Common metastases: BLT+K+P
Radiologic manifestations: “punched out” lytic lesions
Difference between osteoblastic and osteolytic metastases: osteoblastic appear sclerotic and bright white, whereas osteolytic appears as “punched-out”, radiolucent lesions
Describe the tumors that commonly metastasize to bone, the radiologic manifestations of metastatic lesion involving bone, and the difference between osteoblastic and osteolytic metastases.
Common metastases:
Radiologic manifestations:
Difference between osteoblastic and osteolytic metastases:
Osteoma
What: Bone forming tumor composed of compact or mature trabecular bone limited almost exclusively to craniofacial bones, especially paranasal sinuses. Associated with Gardner syndrome (AD APC [5q21] mutation that causes multiple colon polyps and extracolonic tumors).
Gross: sessile with a polypoid shape, usually ~3cm
Micro: dense compact bone with a paucicellular stroma
Osteoid osteoma
What: Benign tumor of osteoblasts, typically in cortex of long bones, that produces osteoid (pink stuff), surrounded by a rim of reactive bone. Presents as bone pain that’s relieved with ASA.
Gross: On X-ray appears as bony mass with radiolucent core.
Micro: randomly interconnected trabeculae of woven bone, prominently rimmed by a single cell layer of osteoblasts; stroma surrounding the neoplastic bone consists of loose connective tissue containing dilated and congested capillaries.
Osteoblastoma
What: similar to an osteoid osteoma (benign tumor of osteoblasts) but is larger, arises in the vertebrae. Presents with bone pain that doesn’t respond to aspirin.

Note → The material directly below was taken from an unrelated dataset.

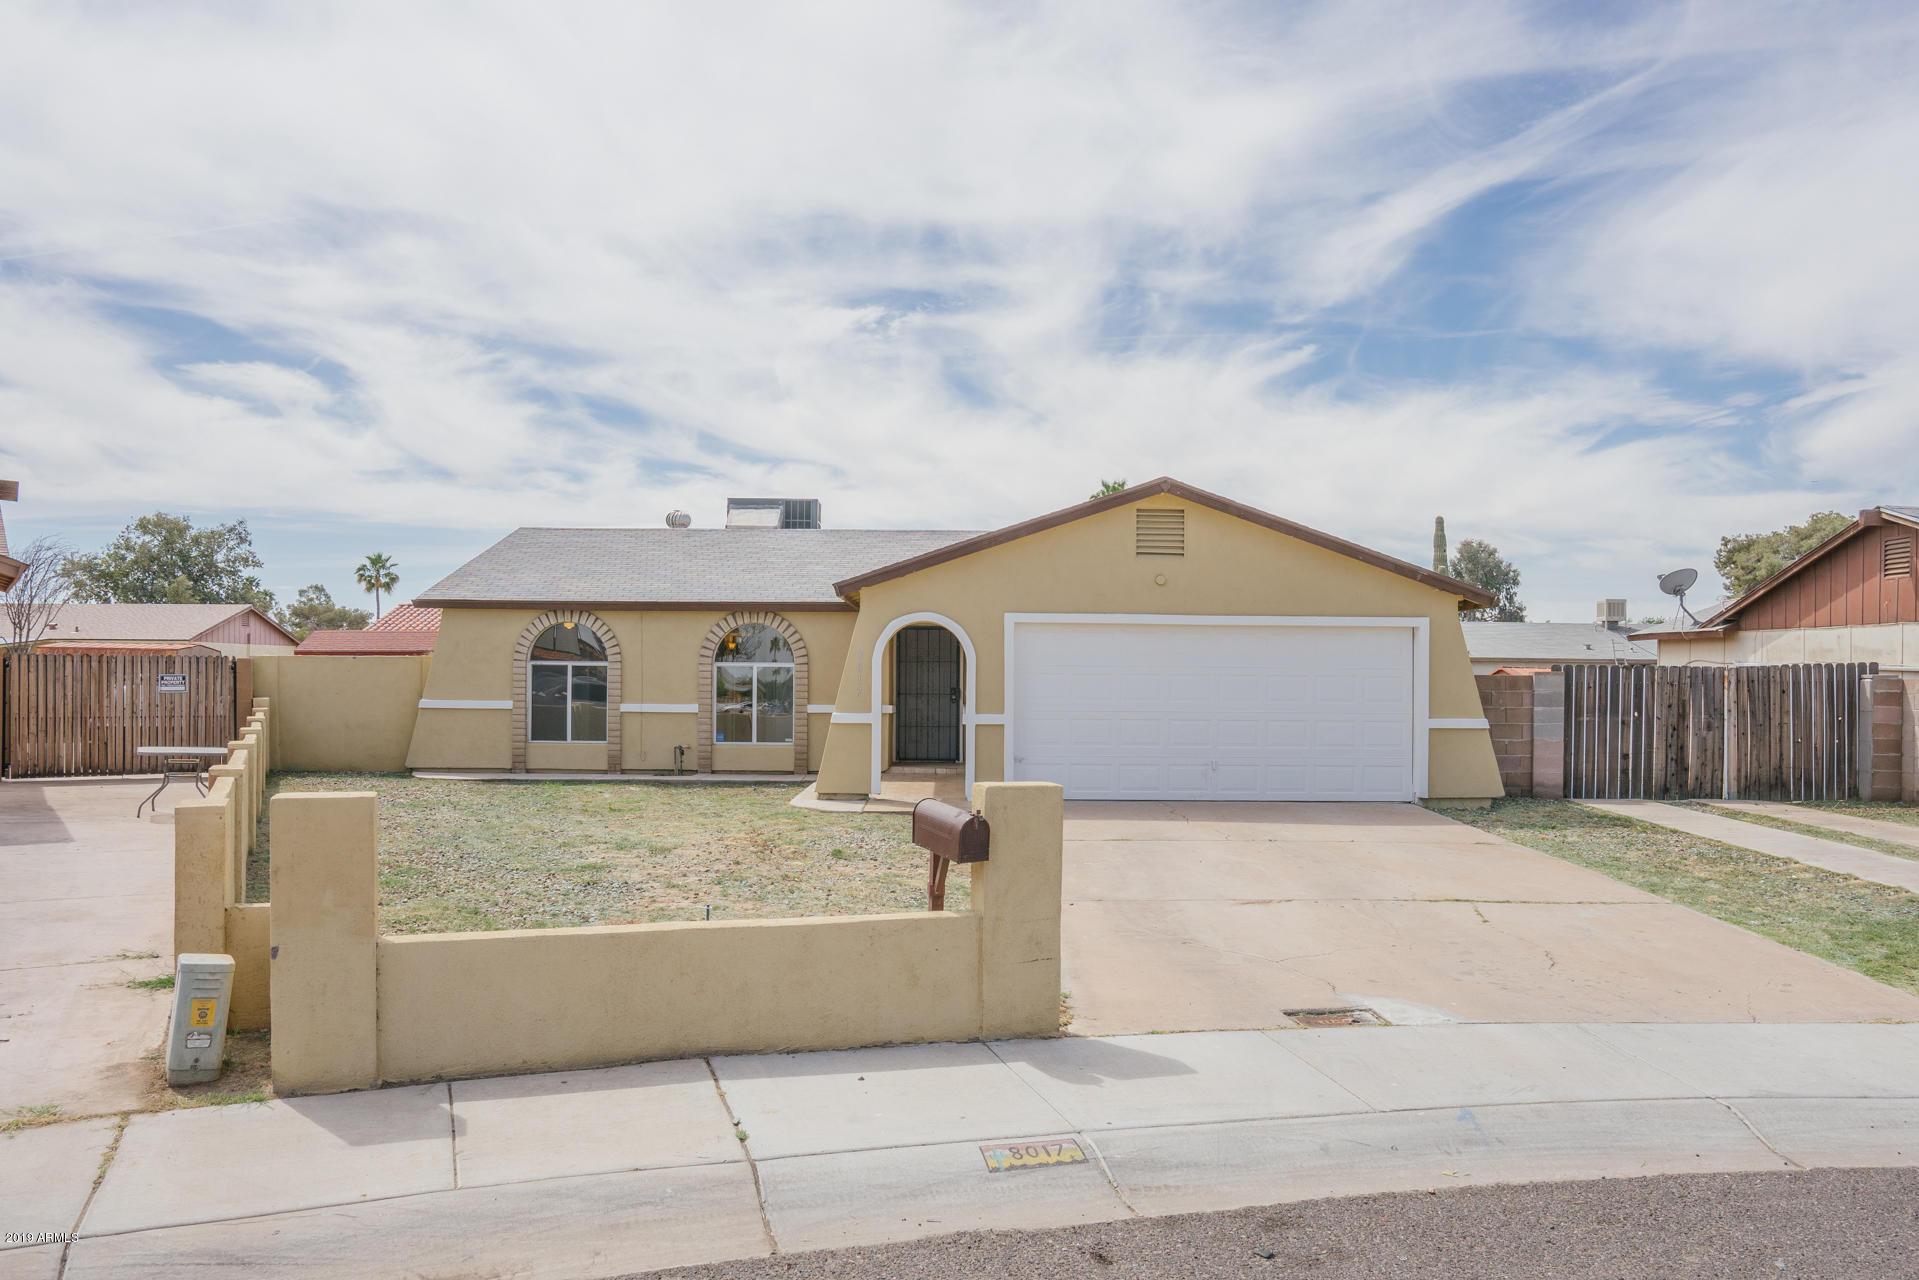 Photo for 8017 W Meadowbrook Avenue, Phoenix, AZ 85033 (MLS # 5911968)

Gross: typically found in vertebrae, on X-ray appears as bony mass with radiolucent core.
Micro: anastomosing trabeculae of osteoid and woven bone rimmed by osteoblasts
Osteosarcoma
What: Malignant proliferation of osteoblasts (“malignant osteoid/cartilage”). Most commonly arises in the knee, 60% males, age 10-20. Highly associated with RB mutation, TP53, INK4a, and MDM2(Rb)/CDK4(p53)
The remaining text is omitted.